Now, what about non-restoring long division?
What's that? "Restoring" is not an adjective I know of any meaning for
when attached to "log division". (I may know the referent, of course;
I'm just sure I don't know the reference.)
It's a way of saving half an ALU operation per bit on average. I'll try
to explain it in binary (although it works in any base, and a friend of
mine has a mechanical calculator which does something similar in base 10).
OK, think of the normal long division algorithm :
Compare the divisor with the (shifted) remainder from the last time round
the loop. (1st ALU operation, a compare)
If it's divisor larger, append a 0 to the RH end of the quotient
If it's smaller, subtract the dvisior from the remainder, then append a 1
to the RH end of the quotient (2nd ALU operation, a possible subtract,
occurs half the time on average).
Shift the remainder left one bit (this is equivalent to moving the
divisor right one bit, of course, but reduces the size of the ALU you to
that of the divisor, not the dividend).
So on average 1.5 ALU operations per bit.
Now for the 'magic'.
The following is obviously equivalent :
Subtract the divisor from the remainder (the result may well be -ve here,
of course)
[I want to put LABEL A here, for a reason I'll explain below]
If the result is -ve, then you really shouldn't have done that
subtraction. Add the divisor back (this is the 'restoring' part), append
a 0 to the RH end of the quotient.
If the result is +ve, you should have done the subtraction. Leave the
remained alone, append a 1 to the RH end of the quotient
Shift the remainder left one bit (as above).

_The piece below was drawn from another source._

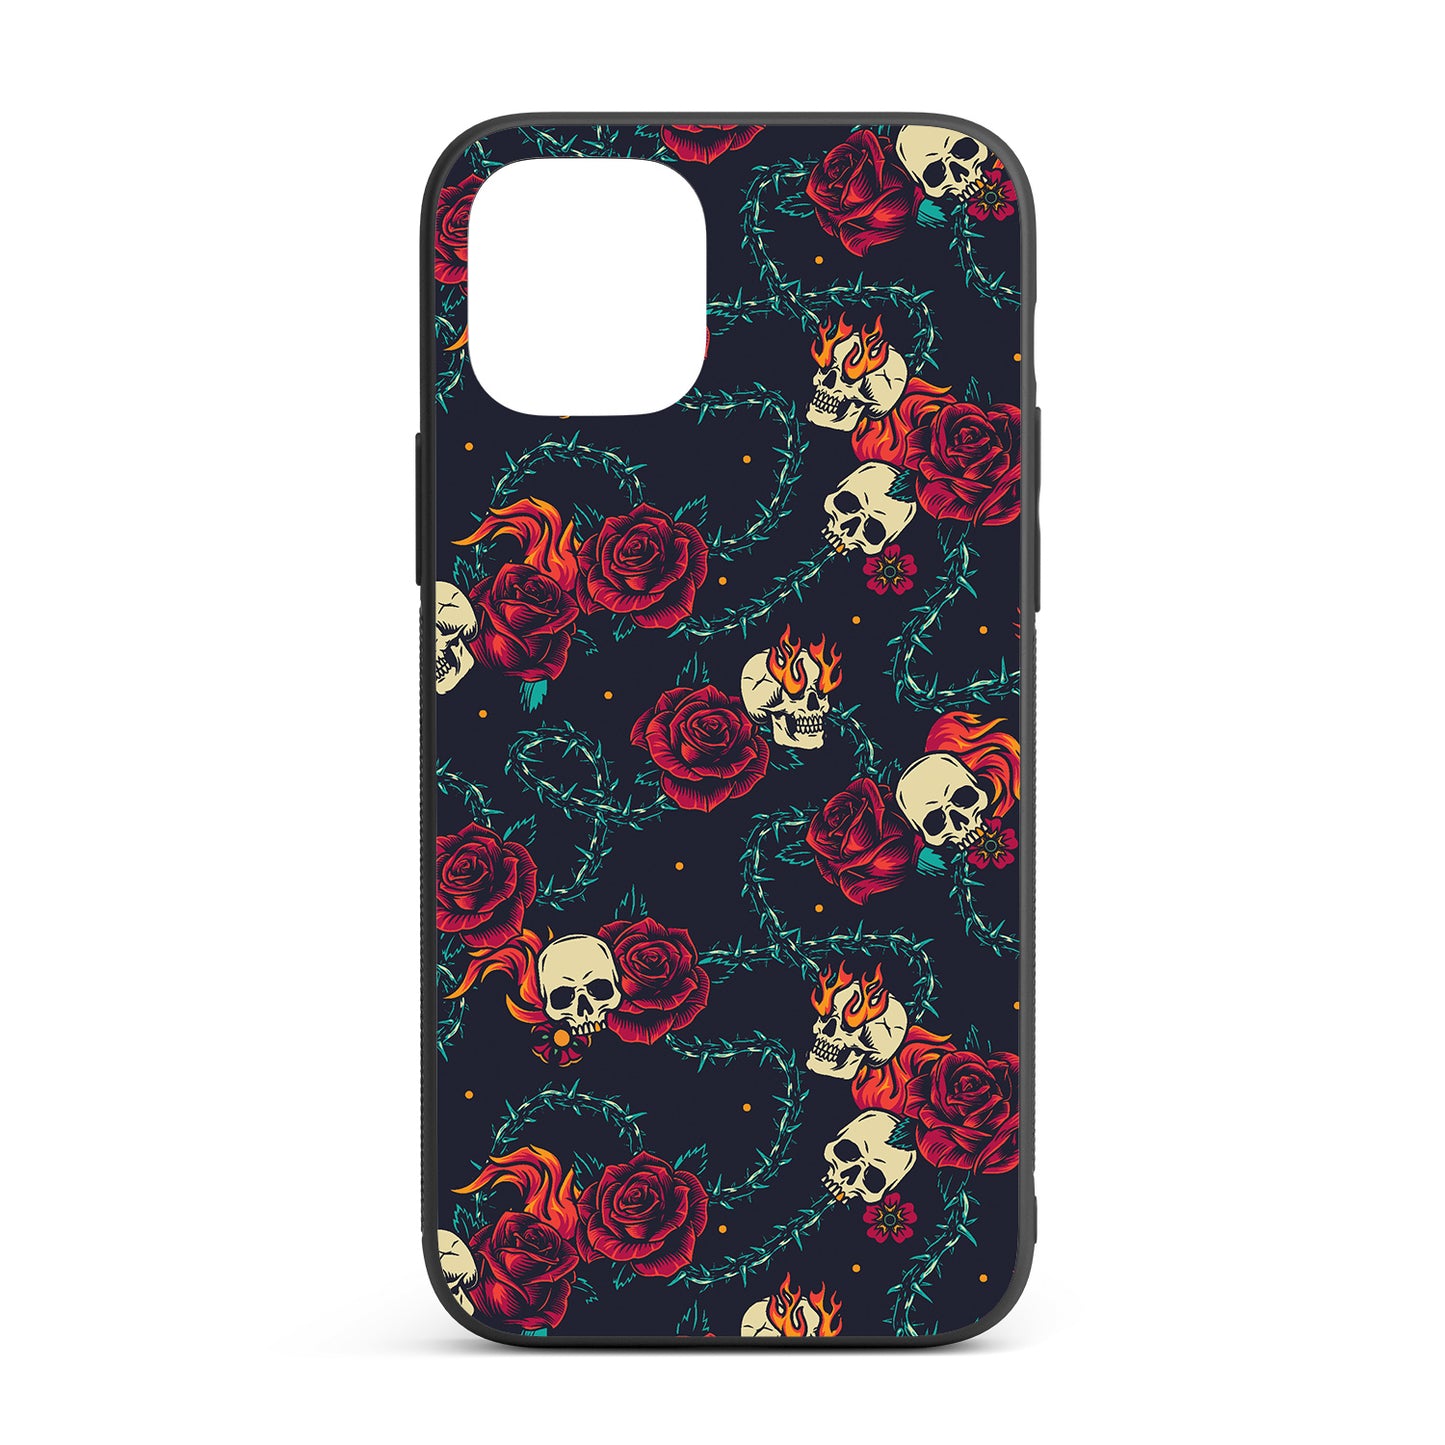 Skulls & Roses iPhone glass case
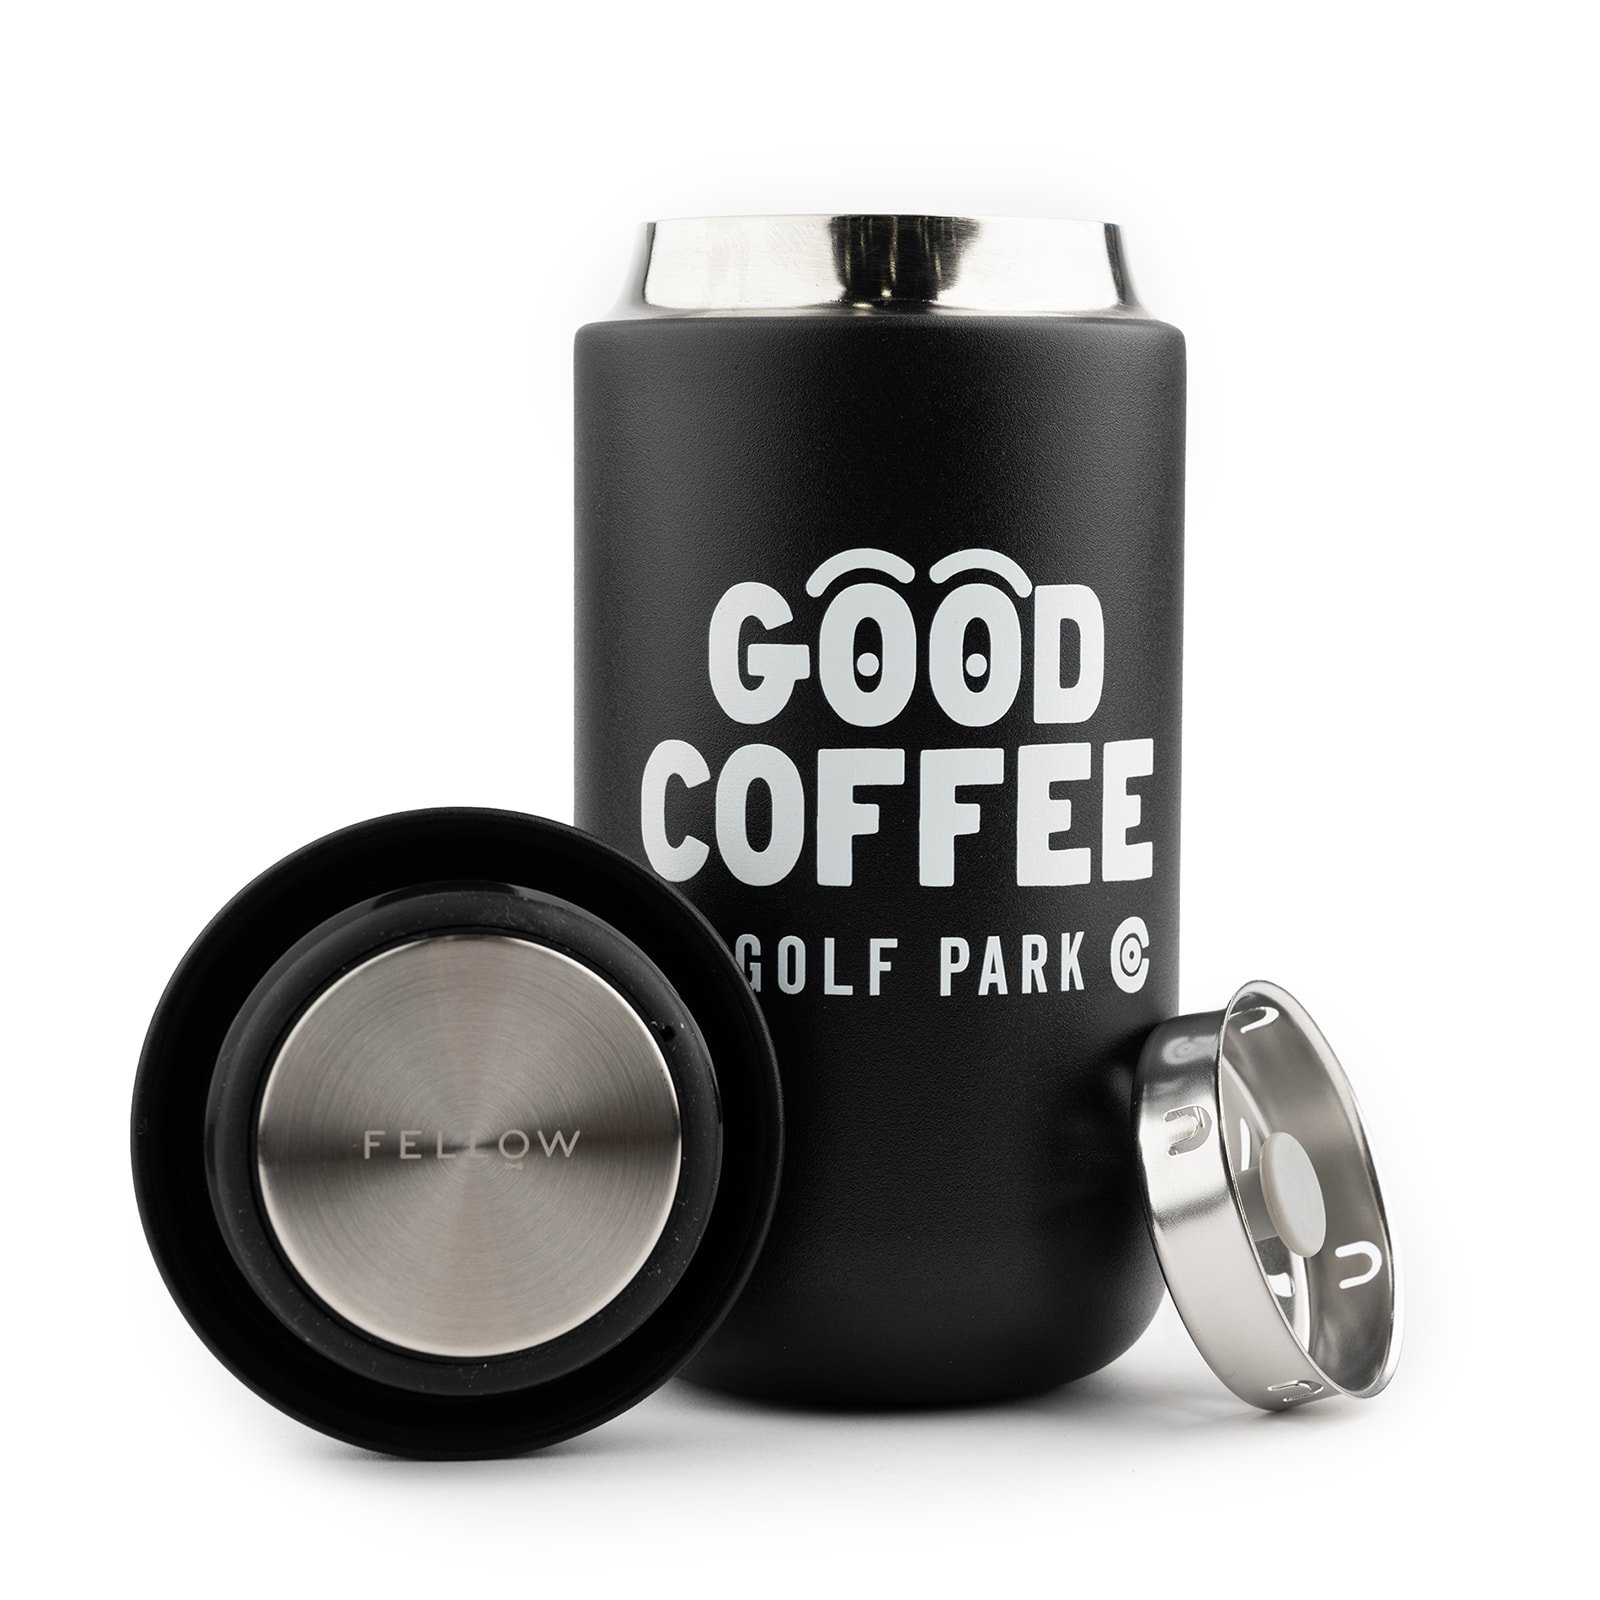 Fellow Carter Coffee Mug Stainless steel taste ceramic coating

Now consider what happens to the remainder (let's call it R) as we go
round the loop form LABEL A to LABEL A (note this is not the start of the
loop as I've given it).
If the quotient bit is a 1 :
R := 2*R ; (that's the left shift by 1 bit)
R := R-D ; (that's the subtact at the start of the next loop)
So overall R := 2*R-D
If the quotient bit is a 0 :
R := R+D ; (restoration)
R : = 2*R ; (left shift)
R : = R-D ; (Subtract at the start of the next loop)
And overall R := 2*(R+D) - D, or R := 2*R + D
So this gives another algorithm :
If the result of the previous subtraction was +ve, append a 1 to the RH end
quotiend and subtract the divisor from the remainder
If the result of the pevious subtraction was -ve, append a 0 to the RH
end of the quotient and add the divisor to the remainder
Shift the remainder left one bit
(Oh, and always start by doing a subtraction).
This takes 1 ALU operation per bit.
How many even know the square root of 2 and 3?
2.236+ ;-)
No, that's the square root of 2+3.
...which is one of the possible meanings of the text quoted.
I know, I was being a little eccentric :-)
-tony